Я долго смотрю на Кэмми, прежде чем ответить. Все вокруг так непринужденно — прямо как в моих мечтах. Кэм во фланелевых пижамных штанах и белом легком топе. Ее карамельного цвета волосы собраны в небрежный узел и даже без макияжа ее кожа сияет, как и во времена нашей юности.
— Ты прекрасна, прекраснее, чем когда-либо была, — говорю я ей, не отвечая на только что заданный вопрос.
— Ты меняешь тему, — замечает она с мягкой улыбкой.
— Труднее всего было быть с Хантером, когда умирала Элли. И теперь как будто Тори тоже умерла. В некотором смысле, так и есть. Тори, которую я знал до того, как родился Гэвин, перестала существовать. Первые несколько недель после того, как она уехала, Гэвин сидел и плакал и каждые две минуты звал маму. Она никогда не была идеальной матерью, но Гэвину это было и не важно. Я вынужден был слушать, как он звал ее ночь за ночью, а я сидел и плакал, как ребенок, пока он ее звал. Я не знал, сколько ему понадобится времени, чтобы понять, что она не вернется.
Глаза Кэмми наполняются слезами, и она быстро стирает со щек скатившиеся капли.
— Мне очень жаль.
— Я возил его к педиатру почти каждый день, боялся, что он заболеет из-за разбитого сердца. Не знаю, как на маленького ребенка влияет такое, и я боялся, что делаю все неправильно, понимаешь?

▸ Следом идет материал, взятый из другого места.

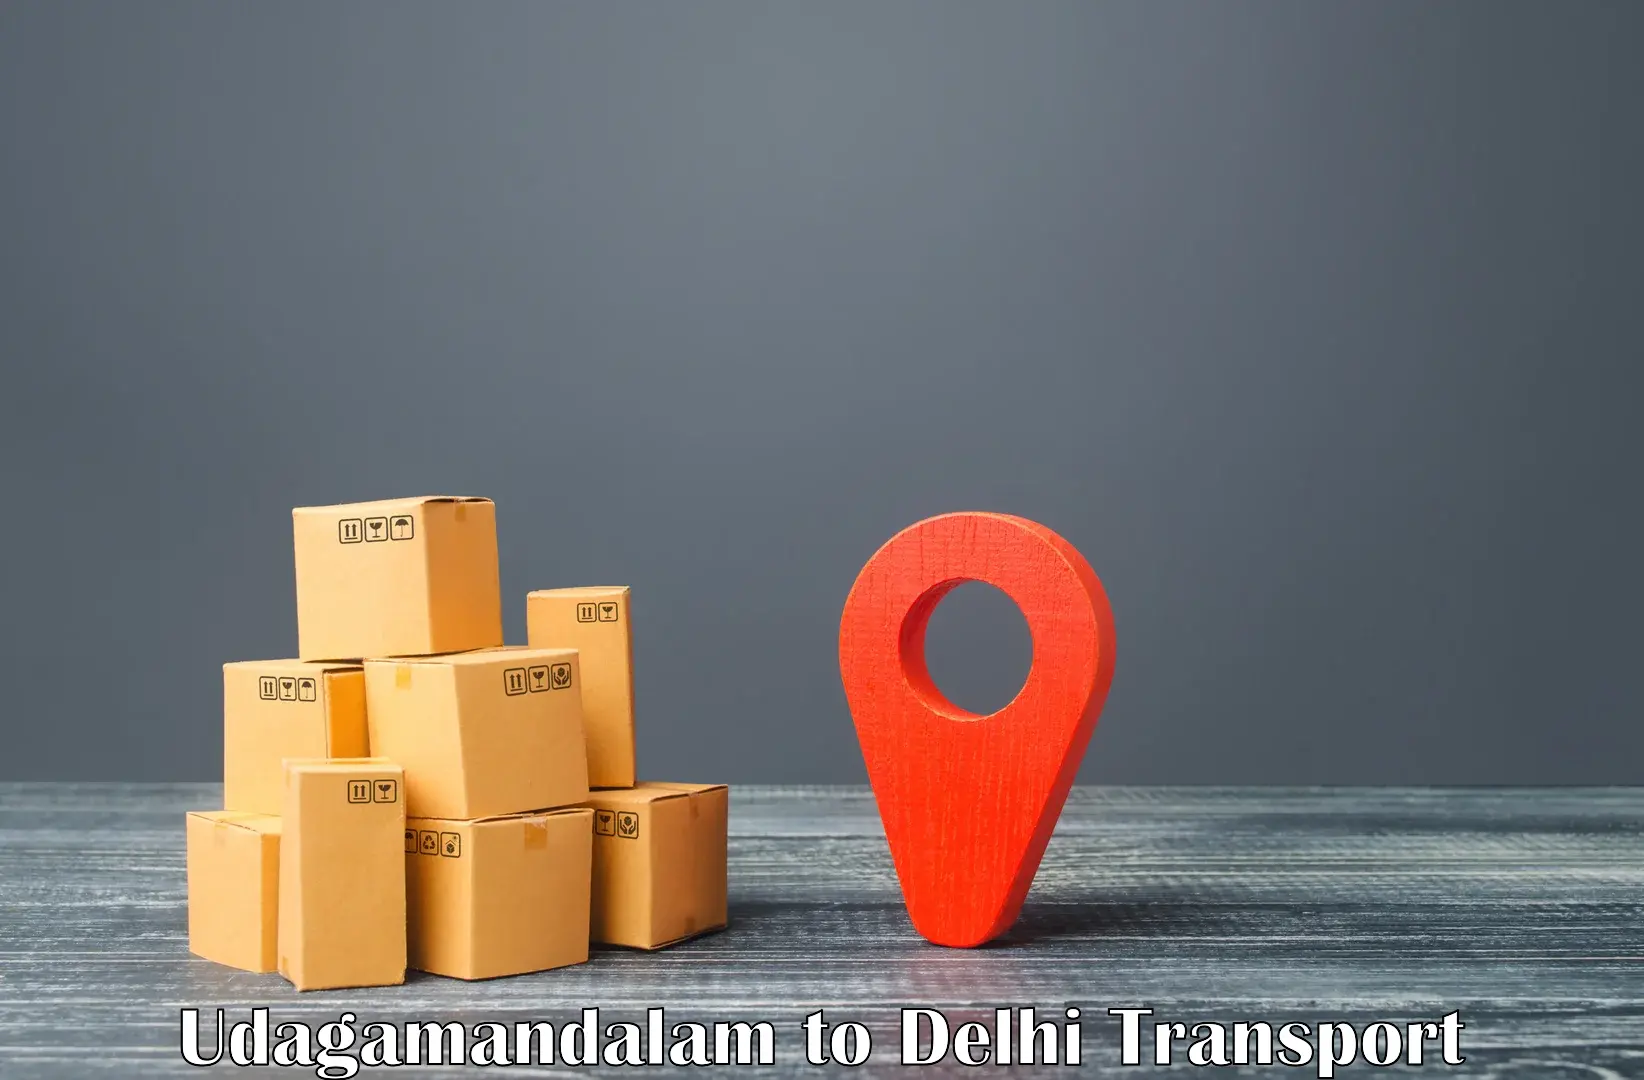 Online transport service Udagamandalam to Subhash Nagar

Я чувствую, что глаза снова начинает жечь, но не хочу сейчас плакать, поэтому делаю еще один глоток кофе и долго молчу.
— Могу я тебе кое-что сказать? — спрашивает Кэмми.
Все еще не уверенный в своем голосе, я киваю.
— Ты делаешь все лучше, чем могла бы сделать я. Он хорошо одет. Ты надел на него даже больше, чем нужно, — хихикает она.
— Откуда ты знаешь? — спрашиваю я с усмешкой.
— Он просыпался в четыре утра. У него подгузник был мокрый, так что я поменяла его и снова уложила спать.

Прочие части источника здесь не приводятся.